Punch, Press, Drunk

“Fuck this town,” I muttered under my breath, just out of earshot of my supervisor. I just finished lodging a formal complaint against the scumbag who has been stealing my lunch.
Per usual, the only response I managed to elicit was, “That sucks. Wha’d they take this time?” My body, exhausted from the last six hours of repetitive lifting, now has to survive another six hours without food… again. Fuck this place.
There went my lunch break. I’m not sure why I even bothered to waste my time filing a complaint. The man never even took my memo. Does he even have a filing system for these sorts of things? I stuffed the paper back into my pocket. My stomach bubbled with the coffee I downed to quell my hunger. Amazingly, I made it back to my station before the machines flipped on again.
Within seconds of stepping on my platform, the huge hydraulic press started to rhythmically stamp sheets of metal. The cylinders rose and fell like thundering of hooves on a metal roof. The sound was deafening. It was in that moment I realized I had forgotten to put in my ear plugs. Dammit. Another fucking wrench in my day. I methodically kept lifting the finished pieces off the press and onto a rack, my body on autopilot.
After the first minute of pounding, I could no longer hear anything. My head felt like it was in the press being bashed in with each fall of the die. The coffee in my stomach sloshed around, rolling like the ocean in a storm. My aching body lifted and placed the pieces in time.

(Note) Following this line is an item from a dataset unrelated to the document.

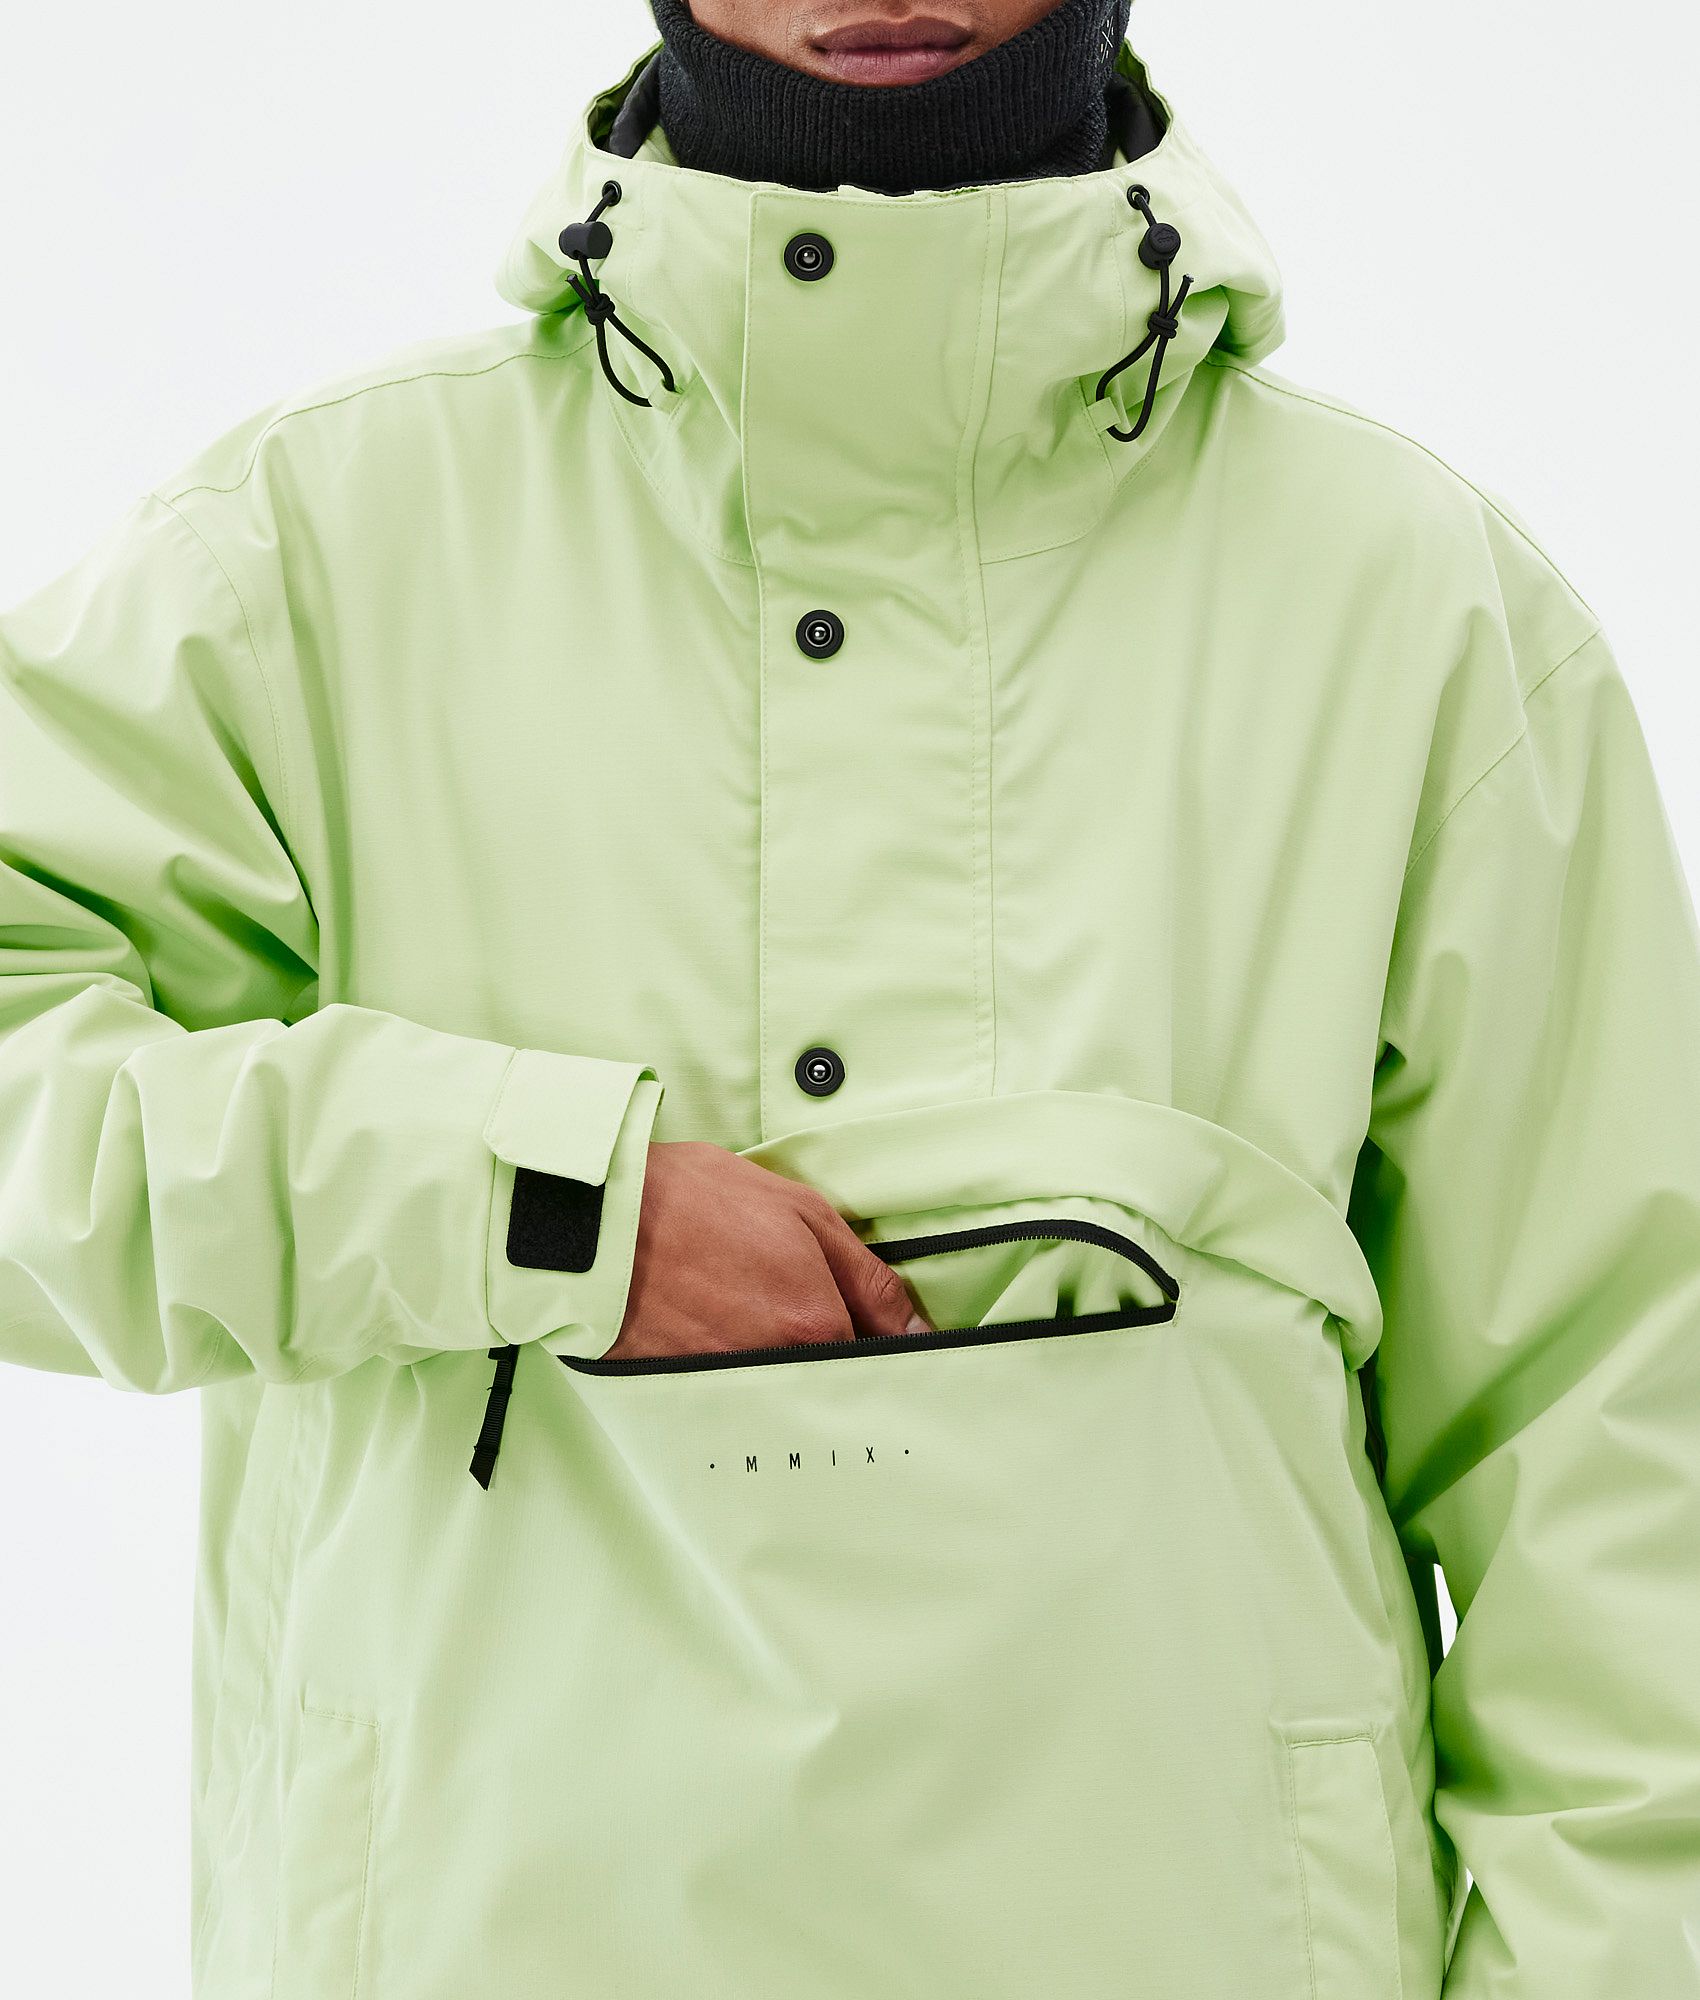 TREK mens sz S neon yellow lightweight vented circuit jacket EUC | eBay

After about ten minutes my eyes began to water and I became disoriented. Punch press drunk… or so I’ve heard it called. Inebriated by the barrage of sounds from the machinery, not to mention my empty stomach, I lost track of my rhythm. I fumbled a piece and it clattered to the ground. Another fell just after.
I heard the blaring of a siren bell like a fire alarm in the night and suddenly the pounding stopped. Two feet stood in front of my face. I was on the floor. My supervisor towered over me with my sandwich in his hand. I rose shakily, pulled back my fist, and landed it square in his jaw. Both he and the sandwich dropped to the ground. From my pocket I pulled the memo he wouldn’t take earlier and I shoved the paper into his grip. From there I headed to the bar for a long drink to cure my headache. Punch, press, drunk.